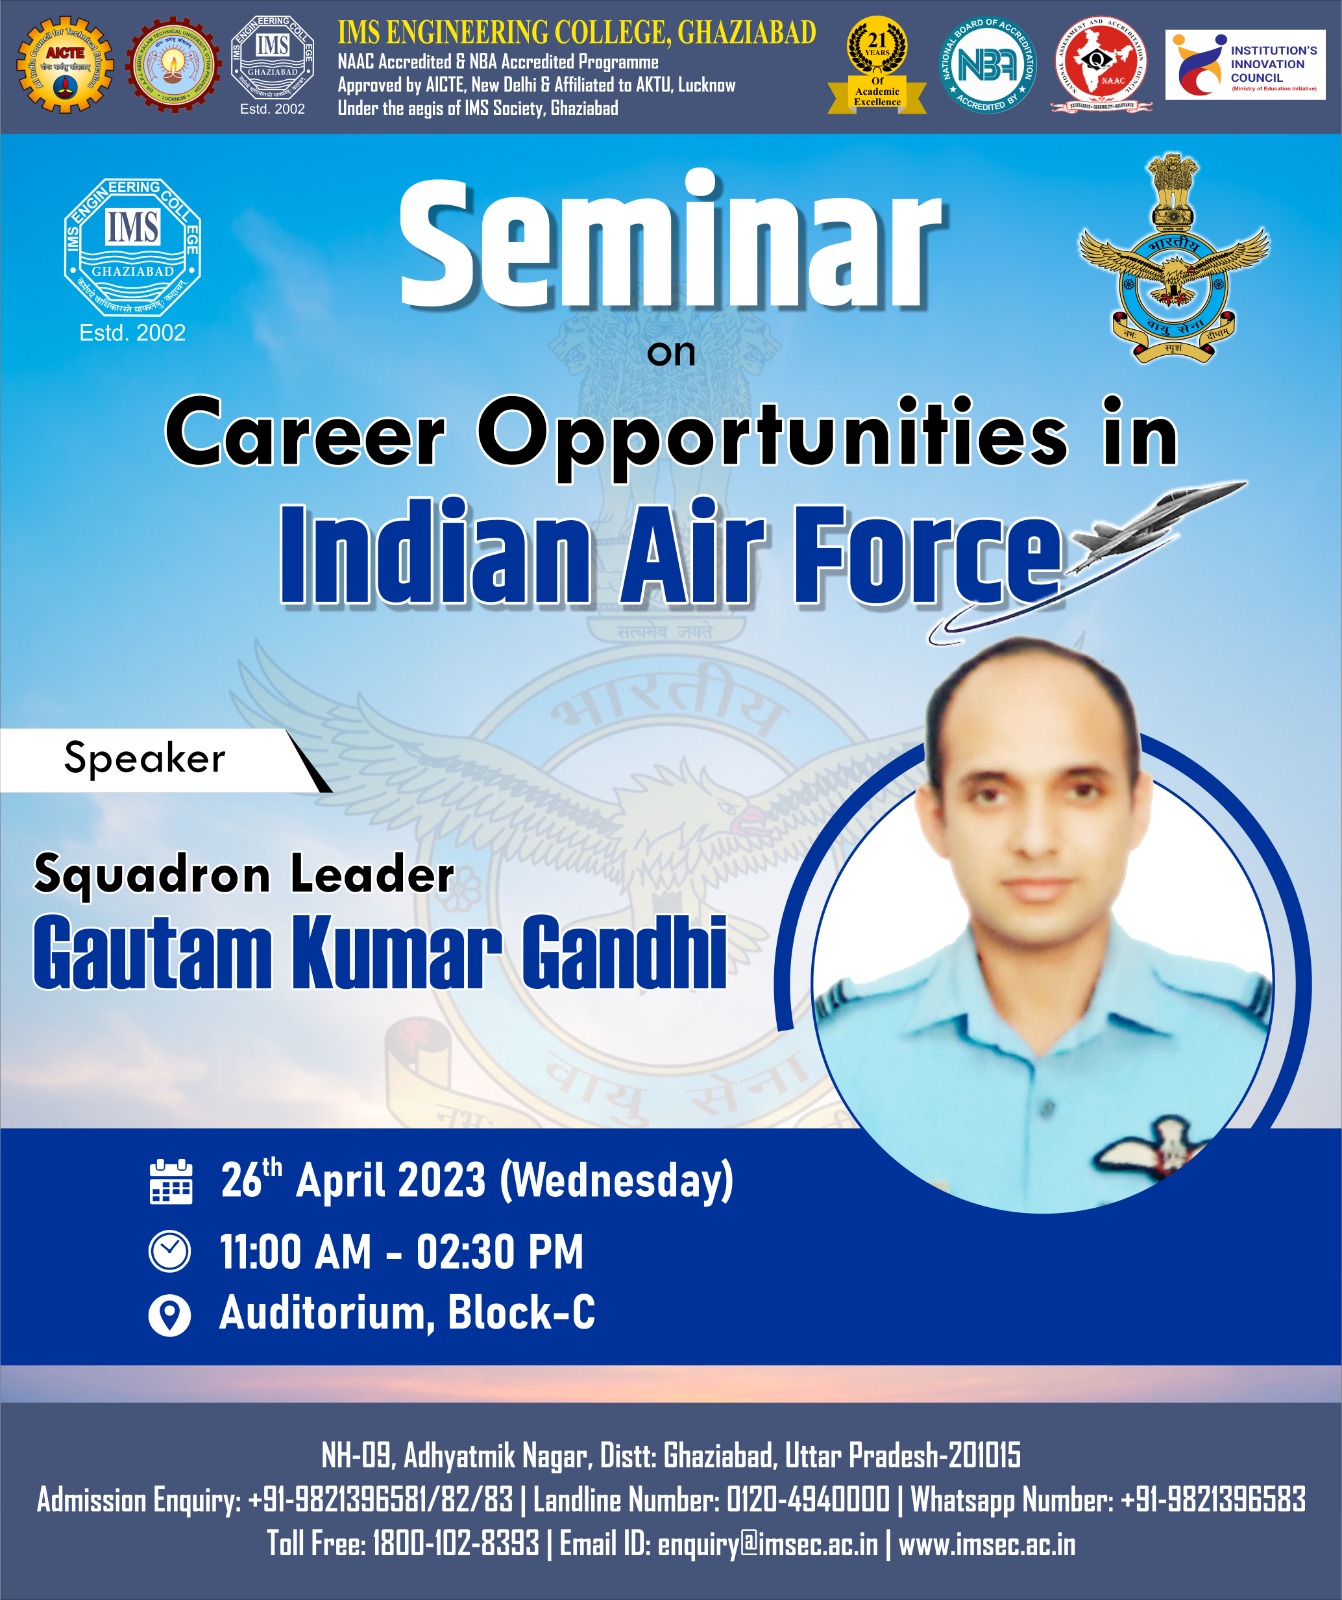 Seminar on Career Opportunities in Indian Air Force
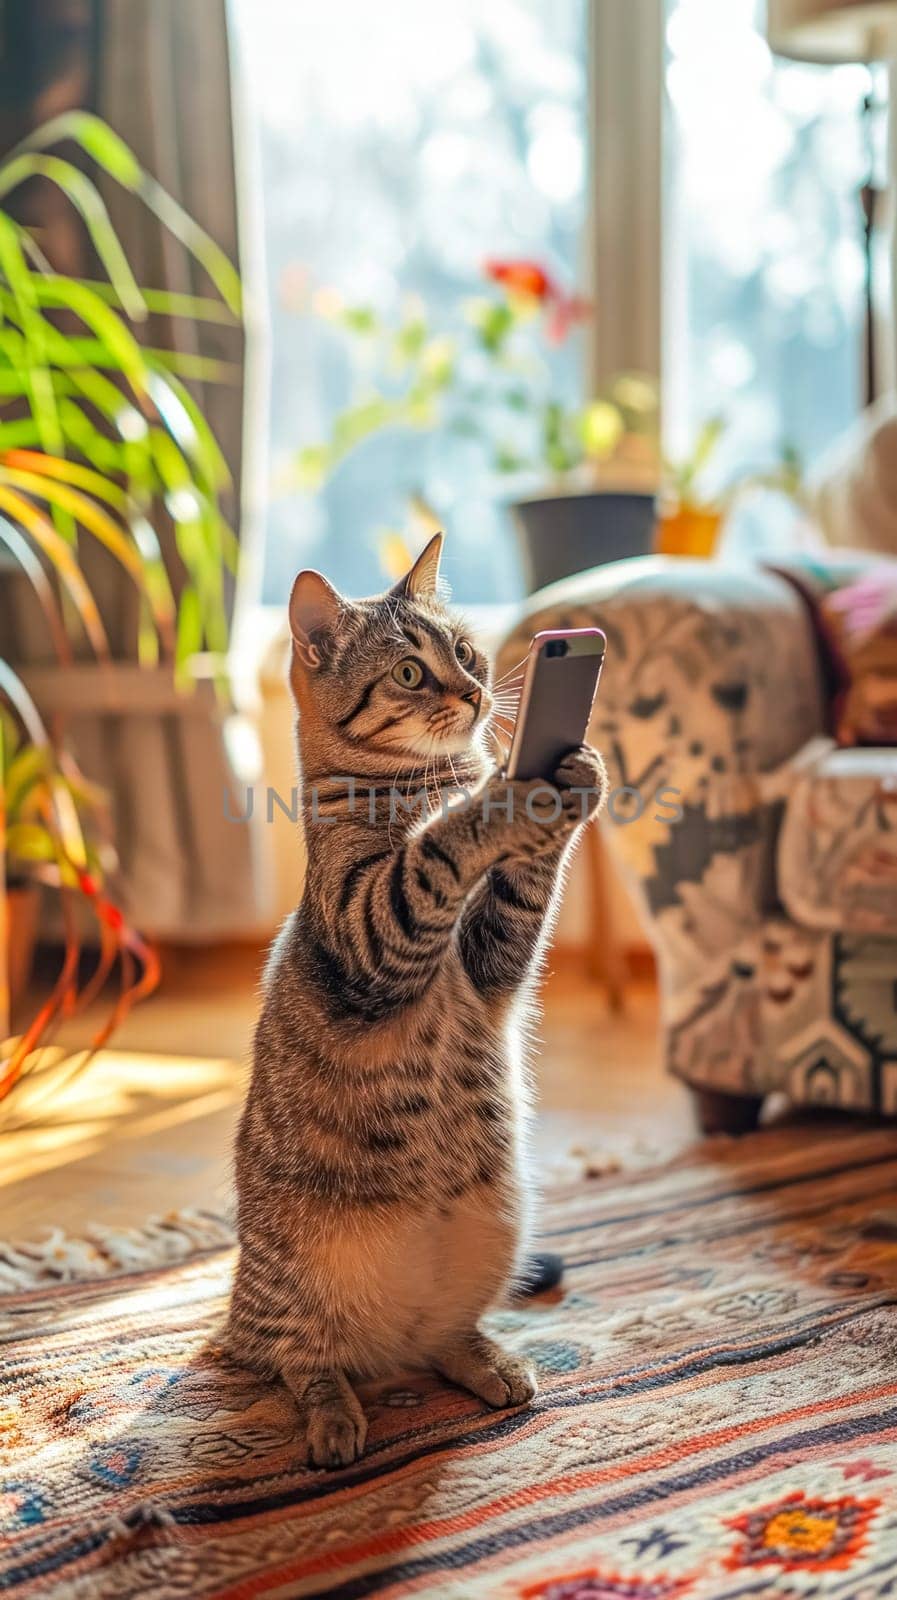 cute cat standing upright, holding a smartphone as if taking a selfie, in a cozy home environment with warm lighting. by Edophoto
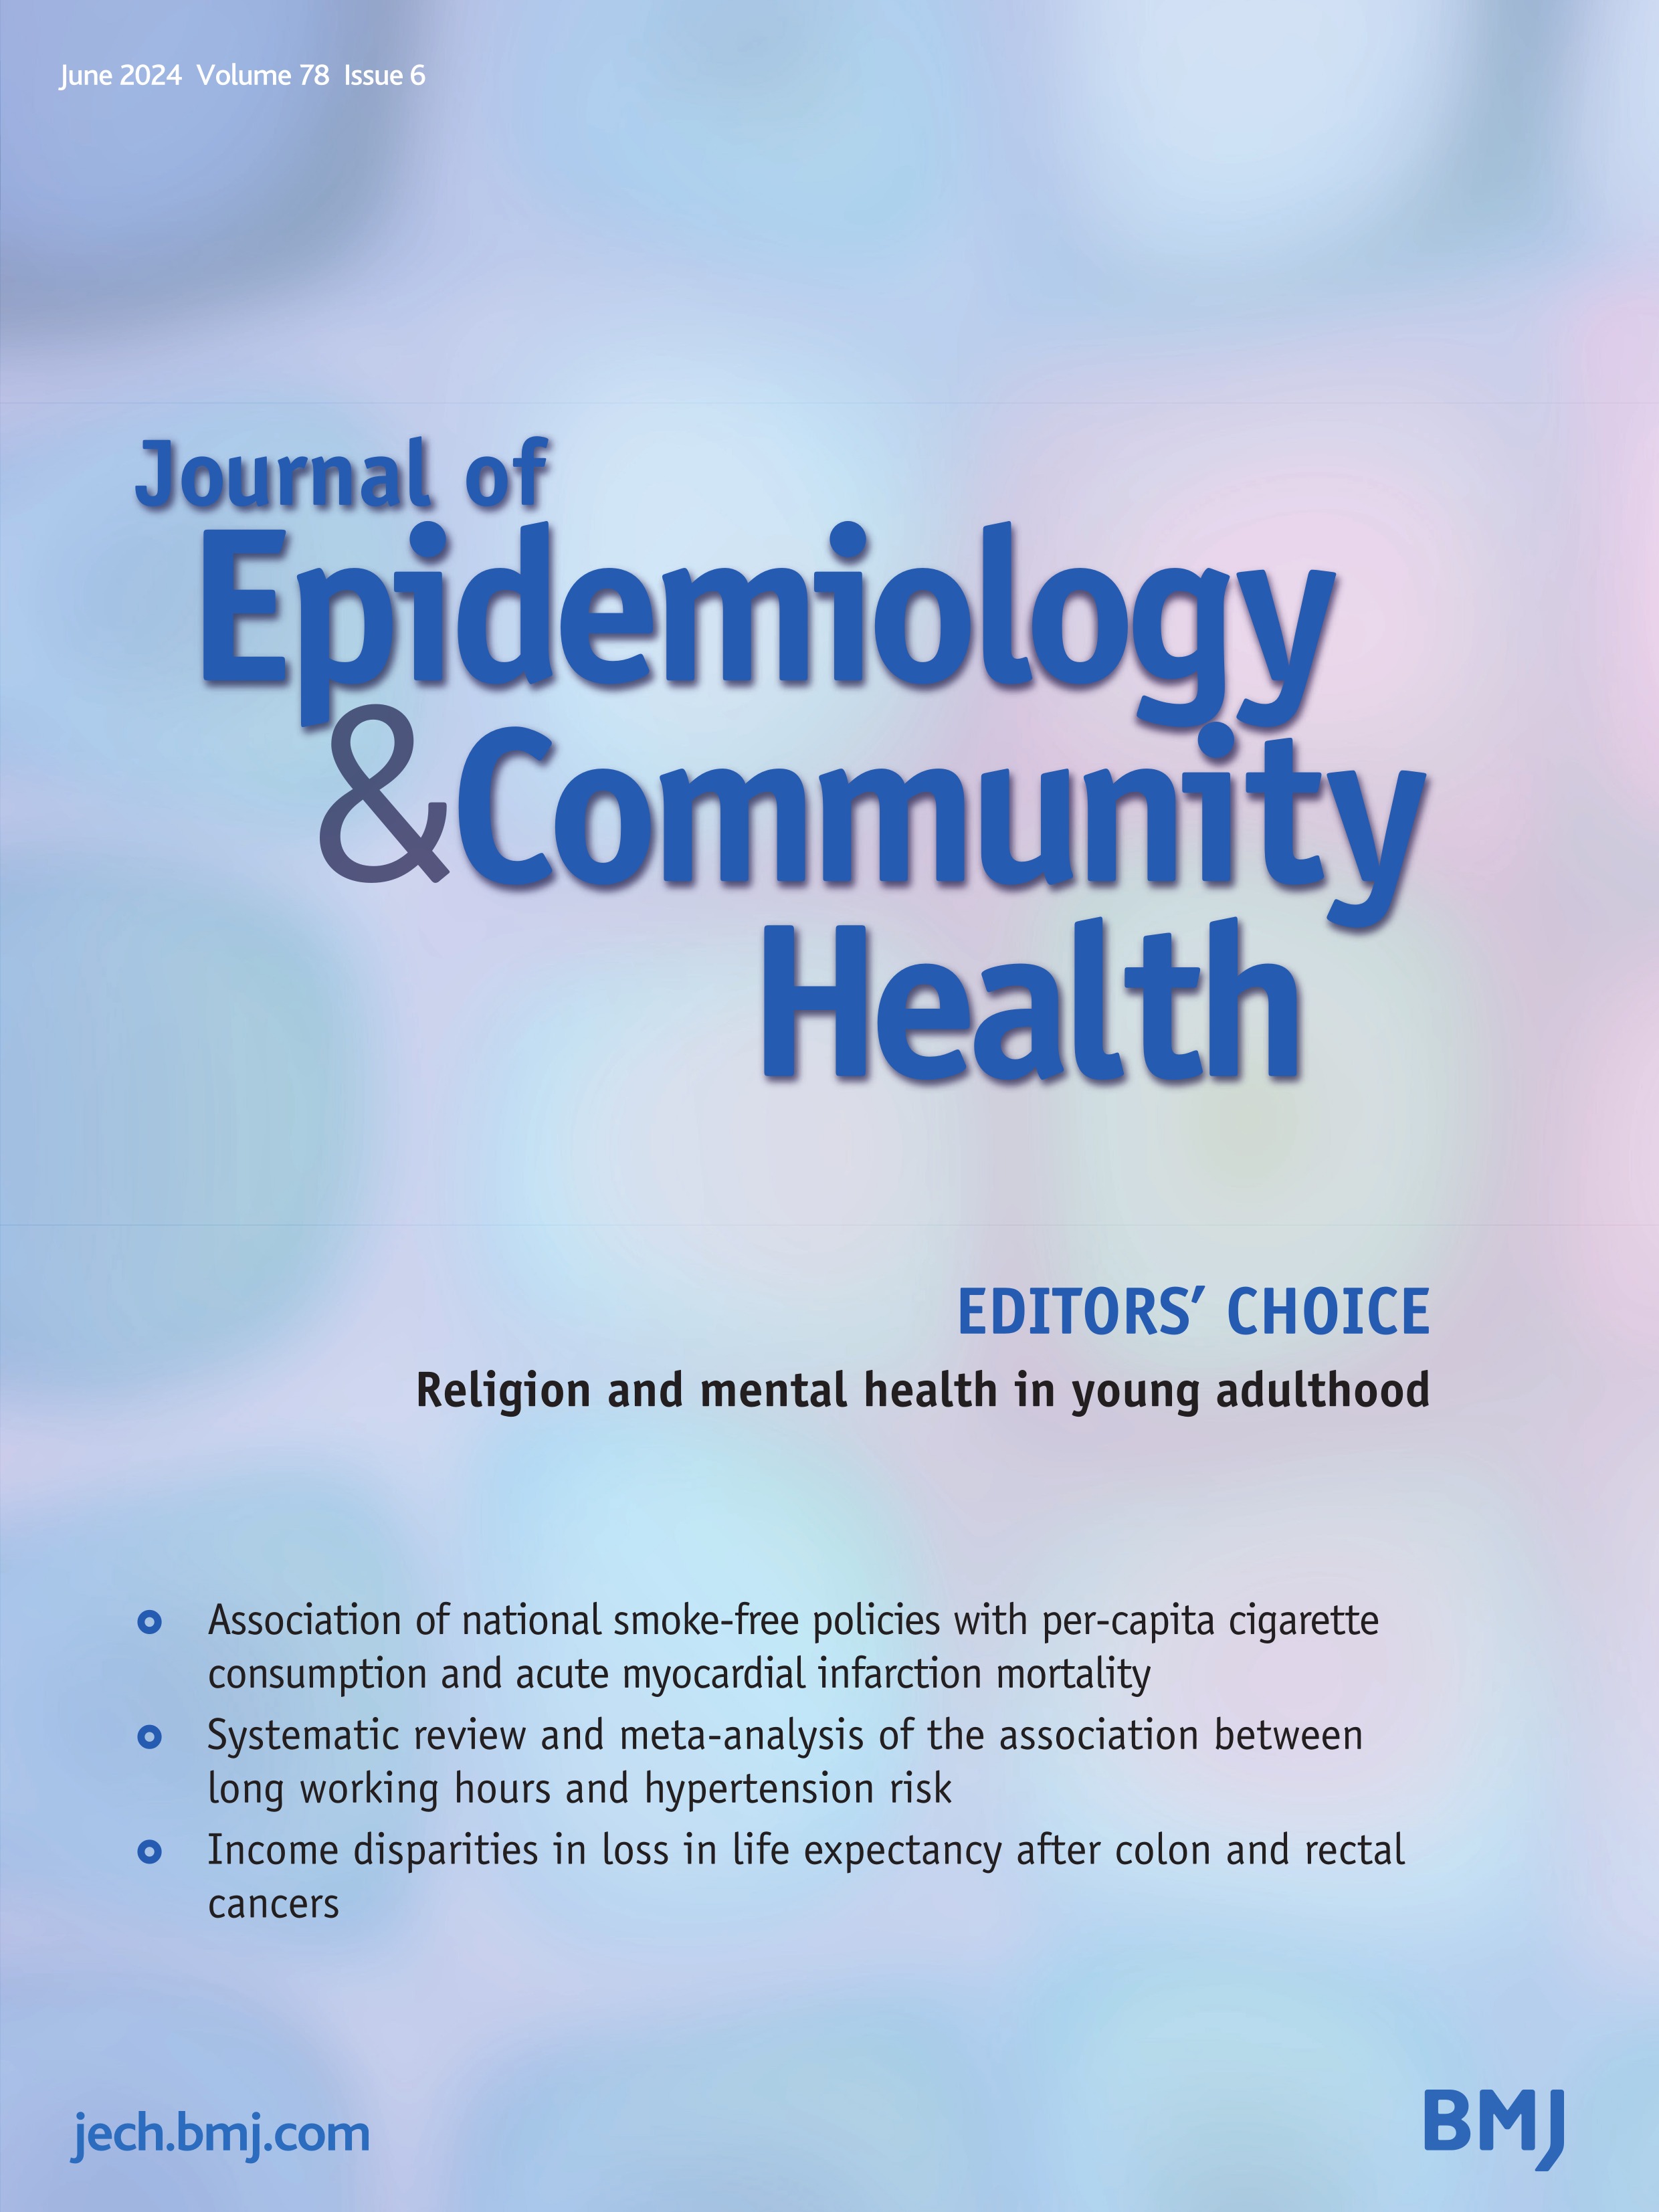 Association of national smoke-free policies with per-capita cigarette consumption and acute myocardial infarction mortality in Europe

- ACTIVITY -
Output the listing word for word. Drop the pictures.

- COMPLETED EXERCISE -
 Seminar on Career Opportunities in Indian Air Force
 cute cat standing upright, holding a smartphone as if taking a selfie, in a cozy home environment with warm lighting. by Edophoto
 Association of national smoke-free policies with per-capita cigarette consumption and acute myocardial infarction mortality in Europe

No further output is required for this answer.